Resposta – Fica só entre nós três — eu e você —, mas na verdade vim salvar a Gramática. Ao invés de manter-se restrita à pudicícia das bibliotecas ela caiu na boca do povo: daí à vulgarização foi um pulo. Transformando pois a língua portuguesa em língua morta eu contribuo para disseminar esse outro dialeto indescritível que toma conta dos jornais, da televisão e da internet. (Assume entonação messiânica) Desta forma ele acabará virando o idioma oficial do país, e a Gramática pura retornará à castidade das estantes de biblioteca, de onde nunca deveria ter saído.

Pergunta - Existe algum desvio de conduta em sua família? Algum antecedente?

Resposta – Sim. Minha mãe garante que meu pai era um número ordinal.

Pergunta - A frieza de seus métodos chocou a opinião pública. Como era seu modus operandi?

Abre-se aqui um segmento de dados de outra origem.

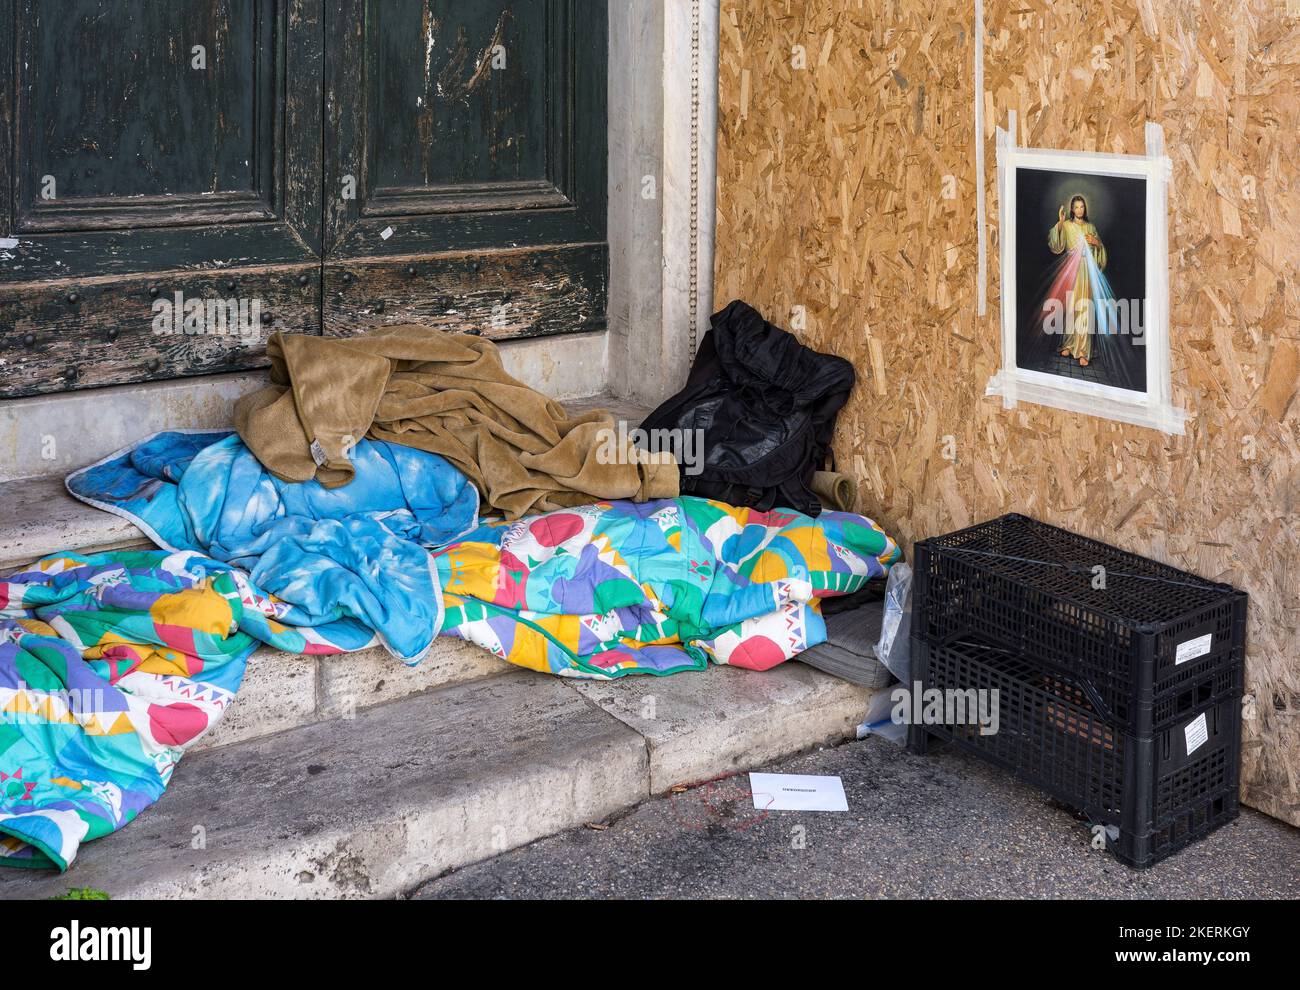 Obdachlos in Rom. Eine Obdachlose, die in einer Tür auf einer Straße in Rom mit einer Ikone von Jusus, die an der Wand befestigt war, um über ihn zu wachen, schlafen. Rom. Latium, It Stockfoto
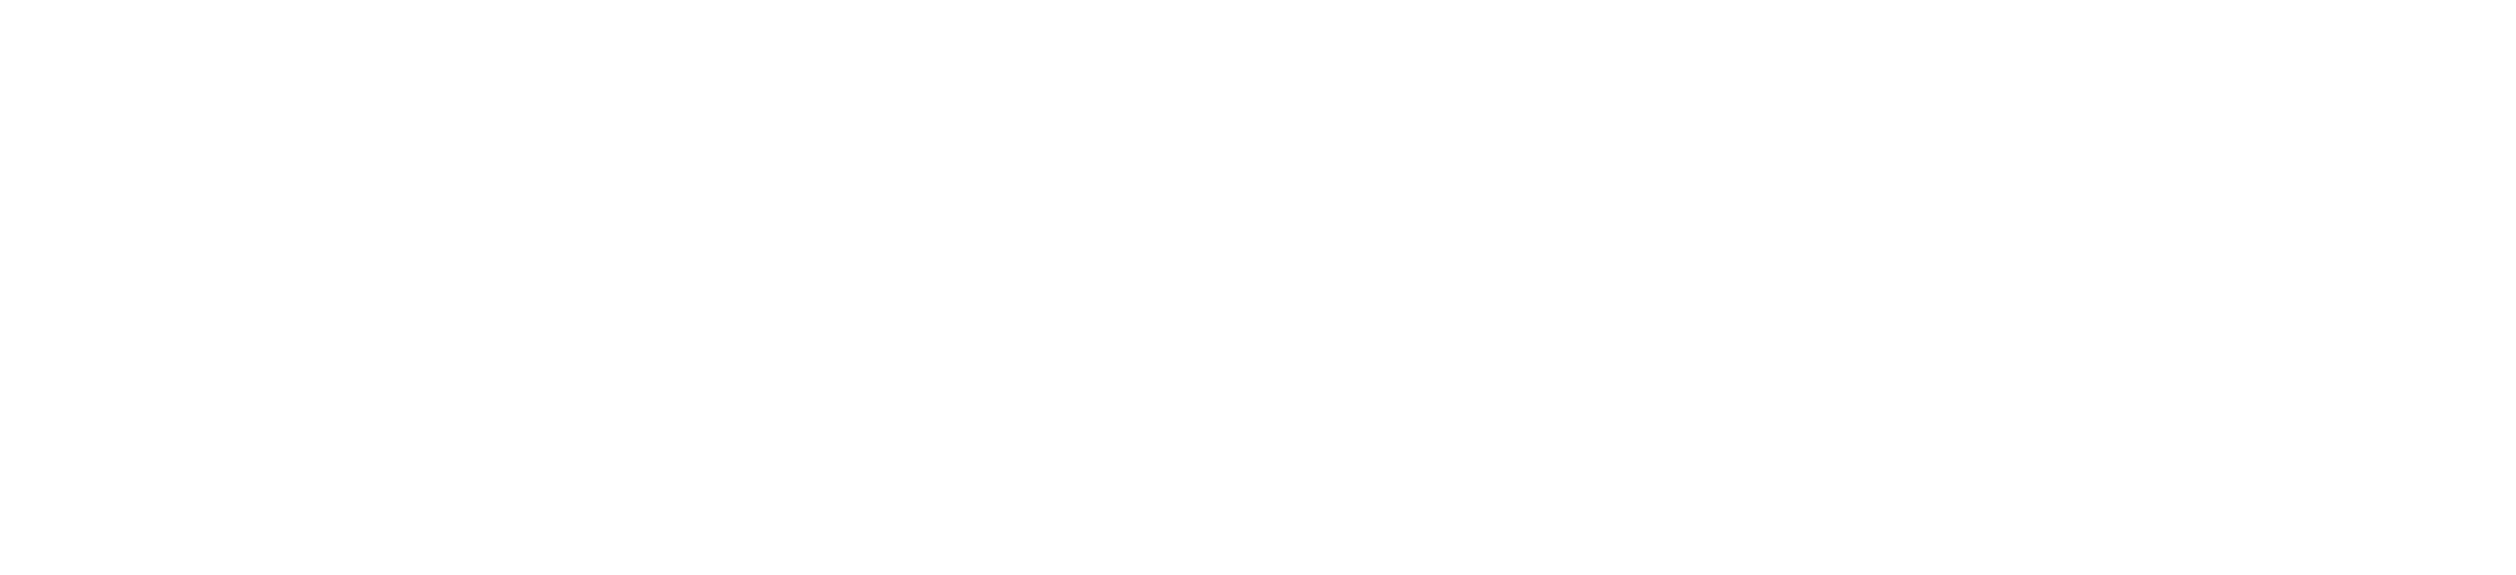 UN Environment World Conservation Monitoring Center logo

Resposta – (Sem demonstrar emoção alguma) Eu variava: às vezes amputava com precisão cirúrgica a crase das preposições, ou fazia o contrário: assediava uma letra e introduzia nela uma crase indevida até o fim. Houve vezes em que imobilizei as sílabas e as separei indiscriminadamente com hifens cortantes. Gostava também de abreviar a vida das formas pronominais. Já viu como o “vc” se popularizou? É marca registrada minha. Ah, e não podia ver passar as normas de estilo. Aquela pose aristocrática me deixava louco. Era ver uma norma e eu já afiava minha cedilha.

Pergunta - E você tentava conjunção com suas vítimas?

Resposta – (Acabrunhado) Não. Minha relação com elas era apenas verbo-nominal. (Ajeita novamente o cabelo) Nunca em minha vida eu tive uma experiência conjuntiva.

Pergunta - Você vai cumprir pena no presídio ou no hospital psiquiátrico?

Resposta – Meu advogado alegou insanidade. Assim, deverei passar por várias sessões de análise sintática.

Pergunta - Você tem algo a dizer à família de suas vítimas? Arrepende-se dos crimes que cometeu?

Resposta – (Afrouxa a gola) Sim, eu poderia até me desculpar junto à família linguística indo-europeia, da qual nasceu o Português. Mas como receio que ela faça uma incorreta interpretação do texto, vou poupar o meu latim. E quanto a arrependimento, não, eu não arrependo-me. (Um repentino brilho no olhar). Na verdade sim, mas não resisti a utilizar essa ênclise inapropriadamente! (Neste ponto os guardas imobilizam o entrevistado com uma mordaça de força. Fim da entrevista.)